Во-вторых, не связанный, судя по всему, жесткими обязательствами, он был волен самостоятельно выбрать время для старта, максимально подстроившись под континентально-сибирское жаркое летнее солнышко.
И, наконец, в-третьих. На рубеже веков российское железнодорожное строительство велось гигантскими темпами. Отныне участки пути, которые былые пытливые исследователи вынужденно преодолевали гужевым транспортом по отвратительным дорогам и направлениям, можно было пересечь в вагоне поезда.
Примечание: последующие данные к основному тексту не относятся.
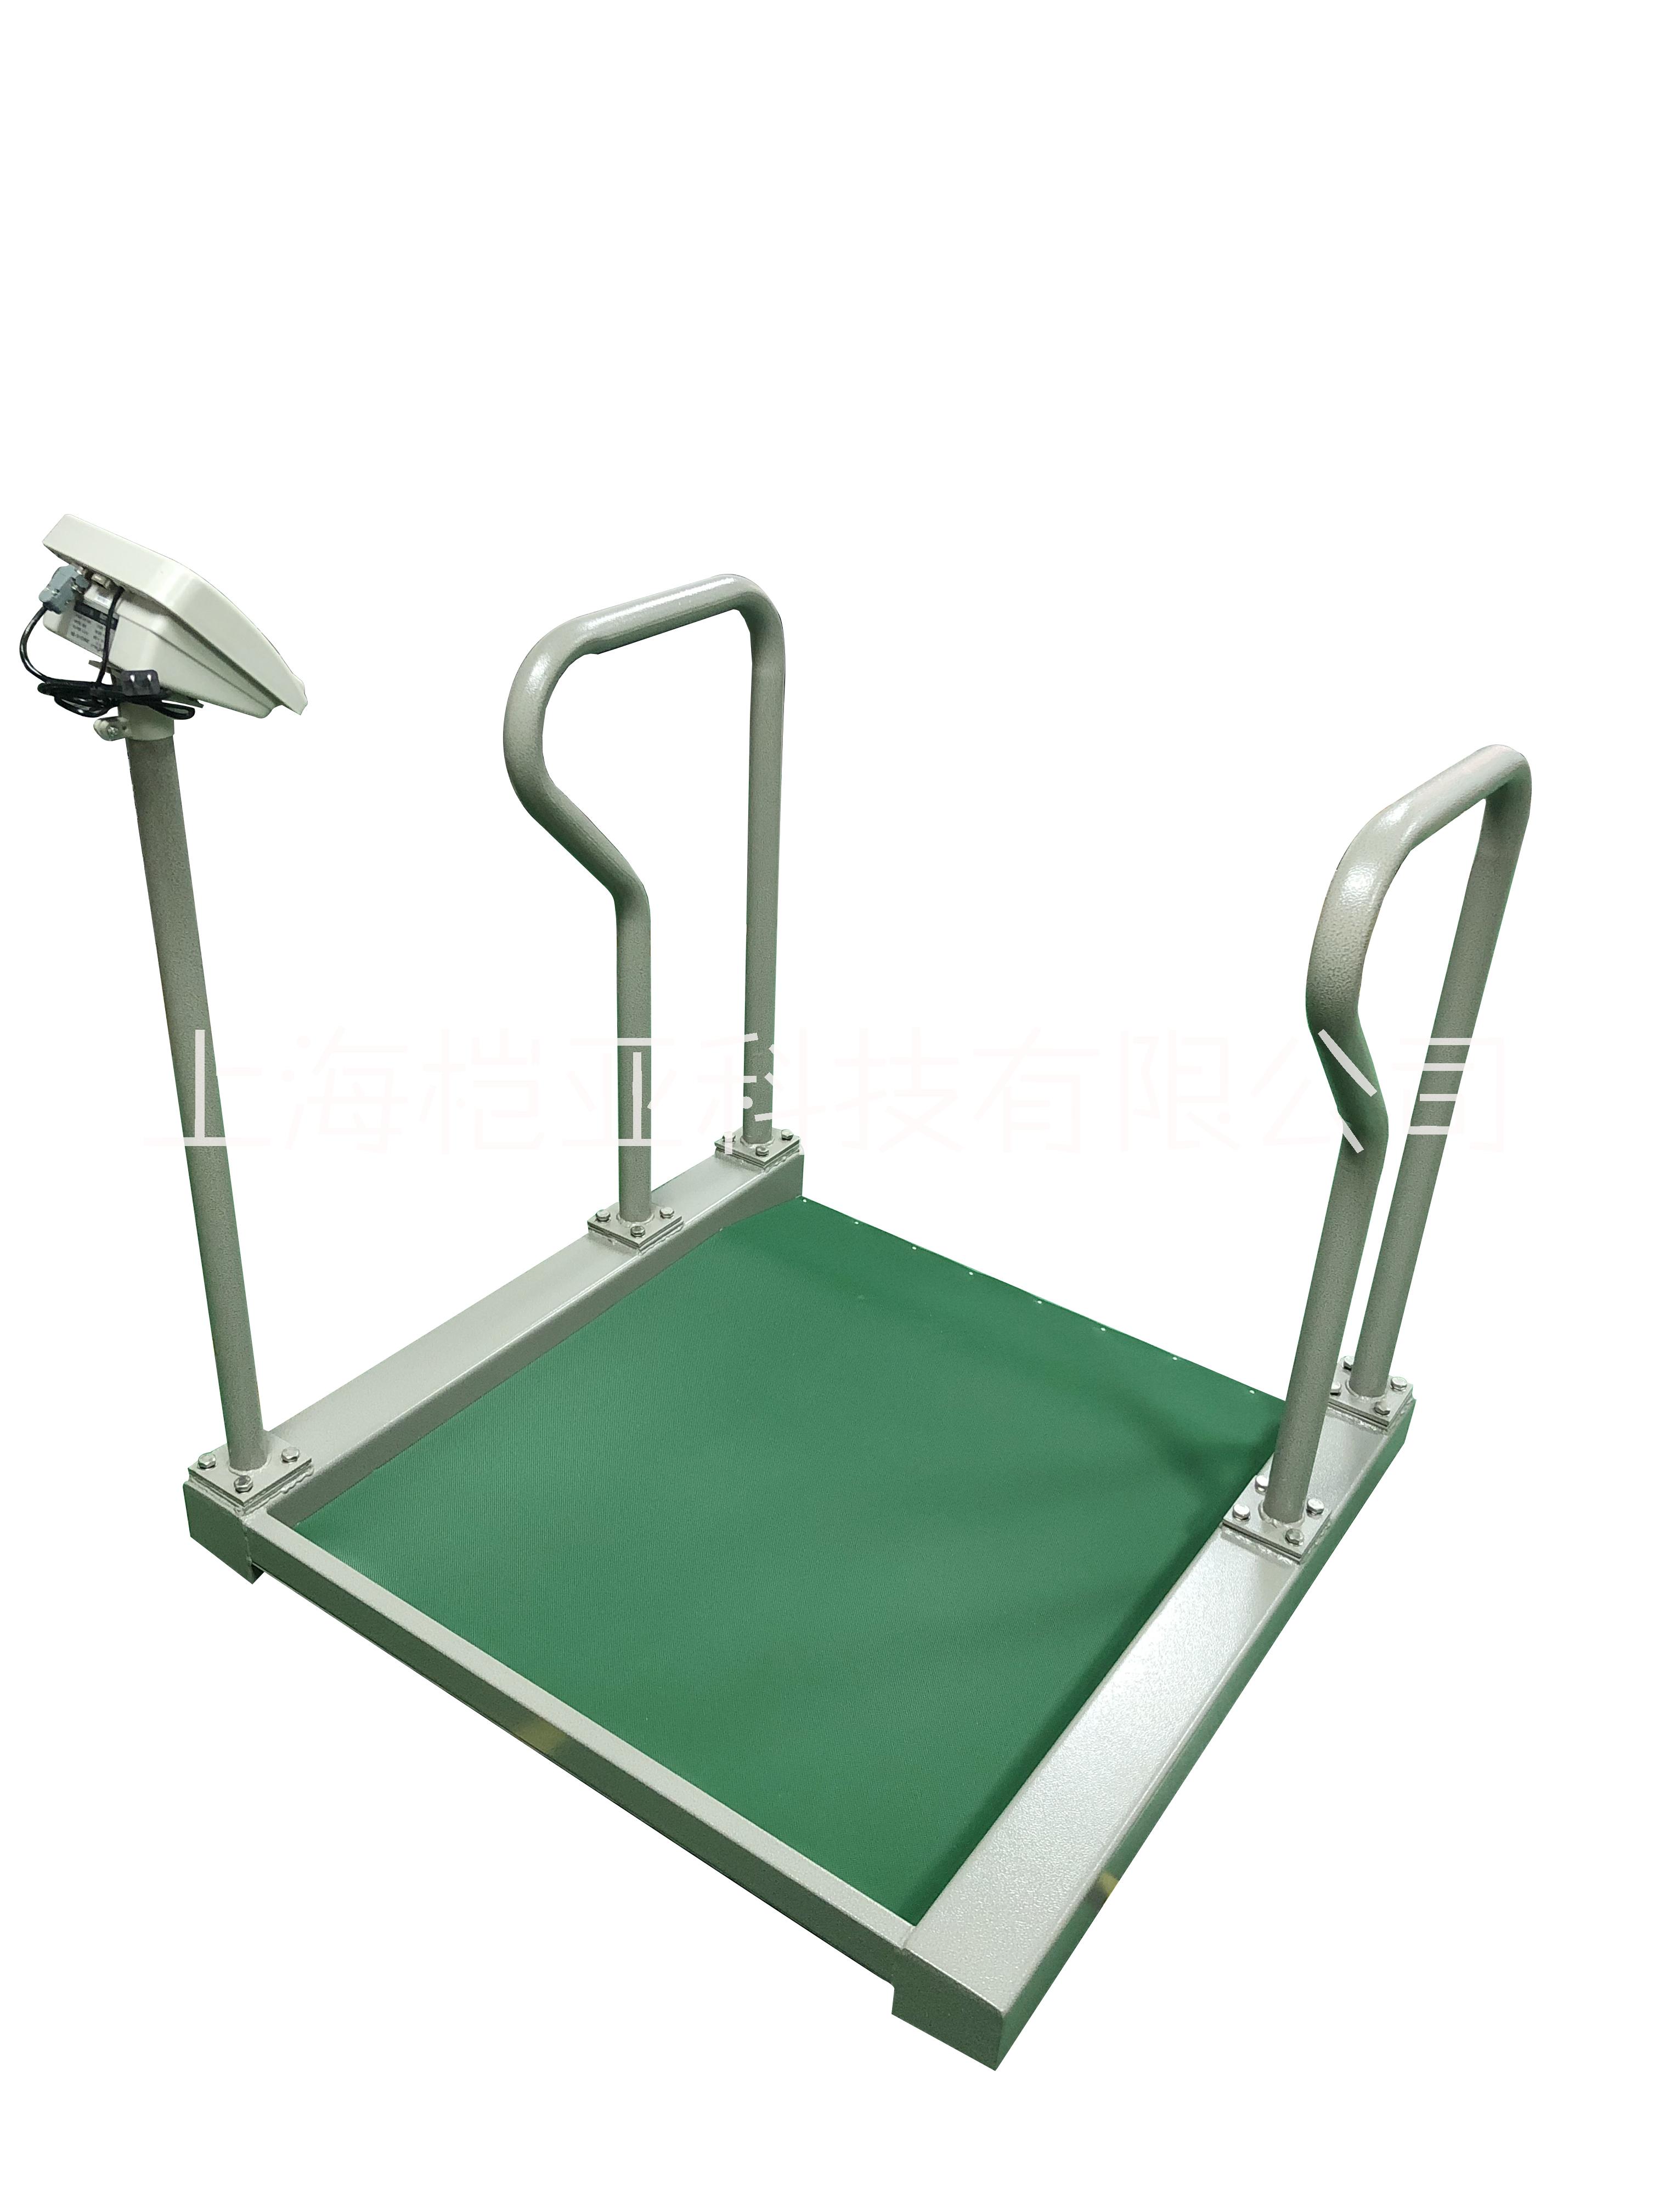 轮椅电子秤 医用透体体重秤 透析专用称重图片

Причем с комфортом, если, конечно, финансы позволяют[25]…
Ну да все едино: одиночная прогулка в Сибирь — удовольствие, что и говорить, сомнительное. Особенно для городского российского жителя иностранного происхождения, готовящегося разменять шестой десяток. Как впоследствии признается сам Гартевельд: «Путешествие от русских культурных центров к глухим местам Сибири сопряжено с массой неудобств». Эка… деликатно выразился.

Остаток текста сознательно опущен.